Draft Constitution: Army Autonomy & Greater Secularism
BMI View : Egypt's draft constitution is another tentative step towards a return to an elected government and underlines our view that the worst of the political crisis in the country has passed. The proposed constitution, if passed, will increase the secular nature of government and enshrine the independence of the army.
Egypt's draft constitution is another tentative step towards a return to an elected government and underlines our view that the worst of the political crisis in the country has passed. The date of the referendum on the constitution has yet to be confirmed but is likely to be at the end of January, with parliamentary and presidential elections following in Q214. Whilst, there is a significant likelihood for protests at the time of each vote, we believe that on the whole these votes will mark steady progress back towards a popularly elected regime and a reduction in political risks. The order of parliamentary and presidential elections has not been decided and there is a chance that presidential elections will be held first. This is a relatively significant change and answers concerns that the new parliament is likely to be highly fragmented and thus the election of a president first would ensure greater political stability.

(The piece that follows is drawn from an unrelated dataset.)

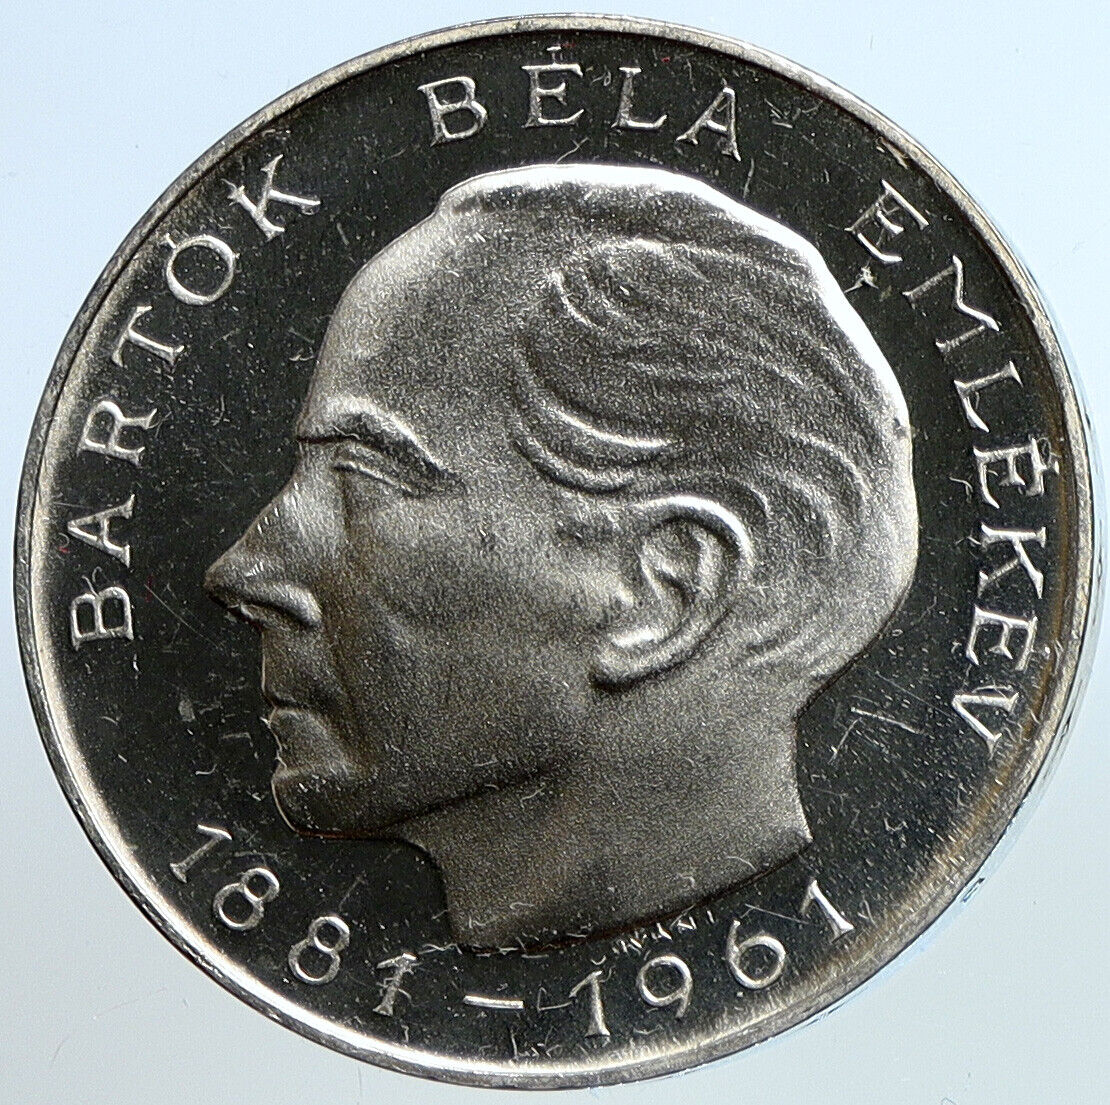 1961 HUNGARY Music OPERA Antique Bela Bartok Proof Silver 50 Forint Coin i113408

The draft constitution marks a significant break from the previous version under the Muslim Brotherhood, particularly regarding the role of Islam and the army. The draft allows military trials for civilians and avoids scrutiny of the arm's spending by listing its budget as a single entry in the national accounts. In addition, over the next eight years, a council of top commanders will have to approve the defence minister. A final key development is putting the army in a position where they are almost outside of politics, with the government decreeing that Egyptian soldiers will not be required to swear loyalty directly to the president of the country.